# LSISAS2008 FreeBSD 8.1 Support



## meepmeep24 (Apr 19, 2011)

Hello,

I have an Intel Server with a LSISAS2008 RAID controller card installed in it. FreeBSD 8.1 does not recognize my hard disks attached to the LSISAS2008 RAID Controller so I believe I need a driver floppy/CD. I looked on the LSI web site and found an LSISAS2008 RAID controller and a FreeBSD 8.x driver but the README only mentioned how to install the driver onto a system that already had FreeBSD up and running. Can someone assist me in building a driver floppy/CD for the LSISAS2008 controller so I can load FreeBSD 8.1 onto my RAID-1 array that is attaches to my LSI 2008 controller?

Thanks,
Todd


----------



## phoenix (Apr 19, 2011)

I highly doubt the driver will work with 8.1, as it's only just recently been merged into 8-STABLE (aka what will be 8.3).

You would be better off using one of the FreeBSD -STABLE snapshot CDs to do the install.


----------



## meepmeep24 (Apr 20, 2011)

Thank you. If we cant use the LSISAS2008 controller 8.1 with then what about an LSISAS2108 controller - would that work? The hardware.txt file for 8.1 mentions that the LSI MegaRAID SAS 9260 is supported and that is LSISAS2108-based. We would use an Intel RMS2LL040 card that is LSISAS2108-based. I am wondering if that Intel card is likely to work on installation (or with a driver disk) because it has a 2108 chip on even though it is not listed in hardware.txt. Our customer must use Version 8.1. Thank you in advance.


----------



## phoenix (Apr 20, 2011)

That I don't know, as I have never personally used that card, or that specific LSI chipset.  Hopefully others can comment.


----------



## Terry_Kennedy (Apr 20, 2011)

meepmeep24 said:
			
		

> I have an Intel Server with a LSISAS2008 RAID controller card installed in it. FreeBSD 8.1 does not recognize my hard disks attached to the LSISAS2008 RAID Controller so I believe I need a driver floppy/CD. I looked on the LSI web site and found an LSISAS2008 RAID controller and a FreeBSD 8.x driver but the README only mentioned how to install the driver onto a system that already had FreeBSD up and running.
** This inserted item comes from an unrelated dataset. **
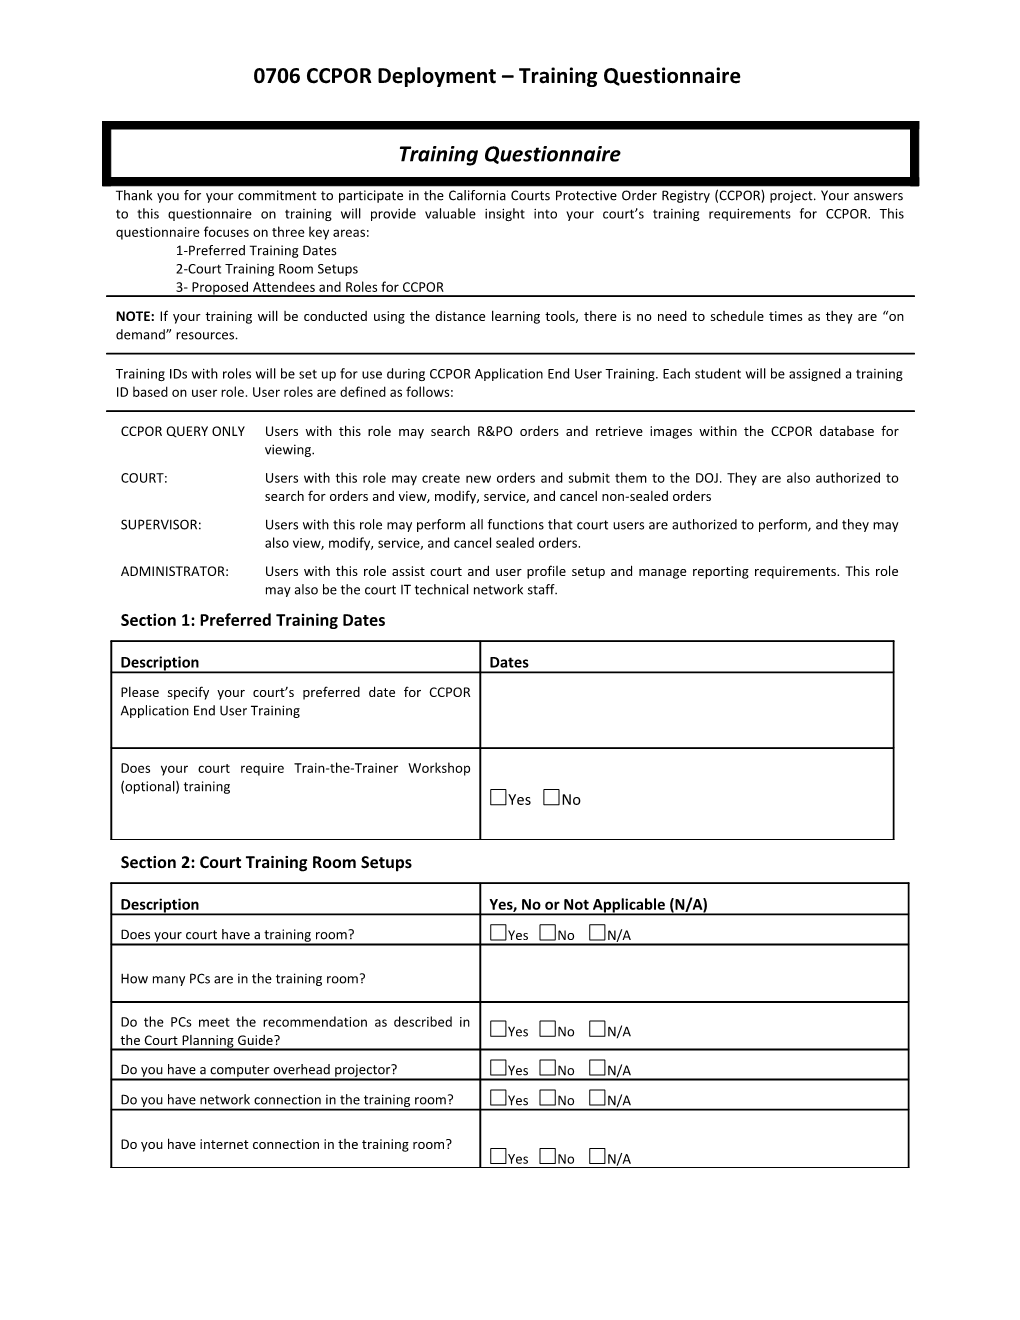 0706 CCPOR Deployment Training Questionnaire

I took a look at the LSI web site, but the LSISAS2008 seems to be just the controller chip and not a whole card, so there are no downloads for it. If you could be more specific as to what card you have, or provide the URL on the LSI web site, that might help.

In any event, if you download the driver you found on their web site, you should see an archive with a _something_.ko file. That's a loadable kernel module. Make sure that you pick the appropriate one (there may be versions for different FreeBSD releases and architectures in the file). If you don't have another FreeBSD system to extract the file, Windows + WinZip can open and extract from .tgz files, which is what LSI seems to use. Copy that .ko file to a piece of media that your target system can understand. At the FreeBSD boot menu, select the "Escape to loader prompt" option and do a "load _filename_.ko", then say "boot".
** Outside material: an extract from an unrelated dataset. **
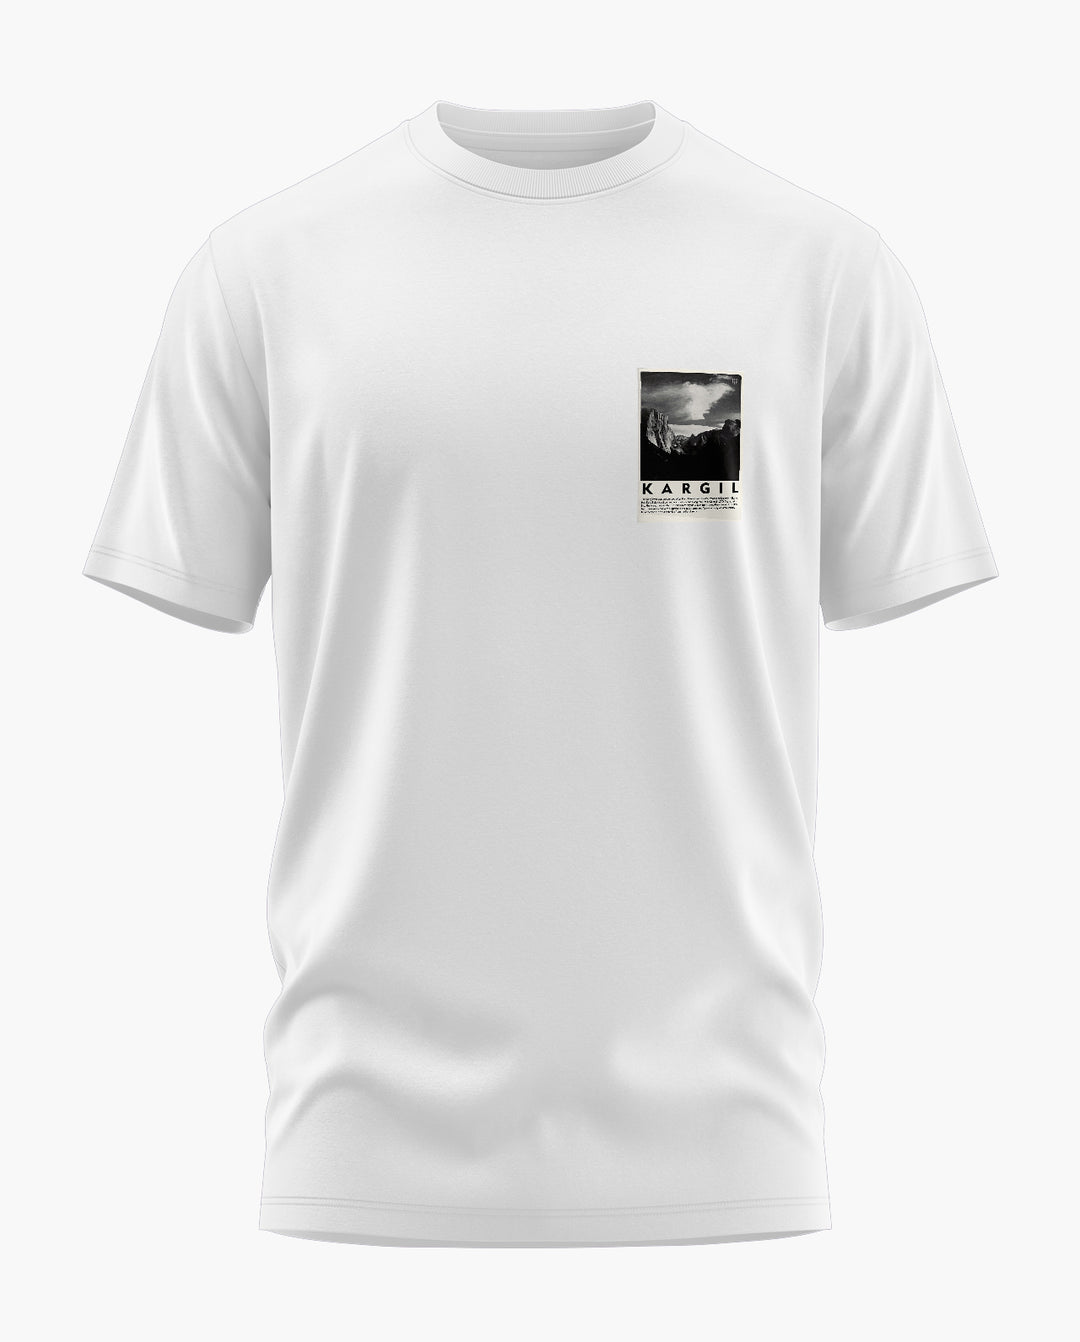 KARGIL KEEP POCKET T-Shirt

There may be an issue getting the .ko file onto a piece of media with a format that the FreeBSD boot loader understands. In that case, I'd suggest booting the FreeBSD "livefs" disc and then downloading and extracting the .ko file within the livefs "fixit" environment. At that point you can say "kldload _filename_.ko". That should load the module and probe for the controller and any devices attached to it.

If there's no .ko file in the download from LSI, then it is probably a bunch of source code files and you'll need to ask someone to compile it for you.


----------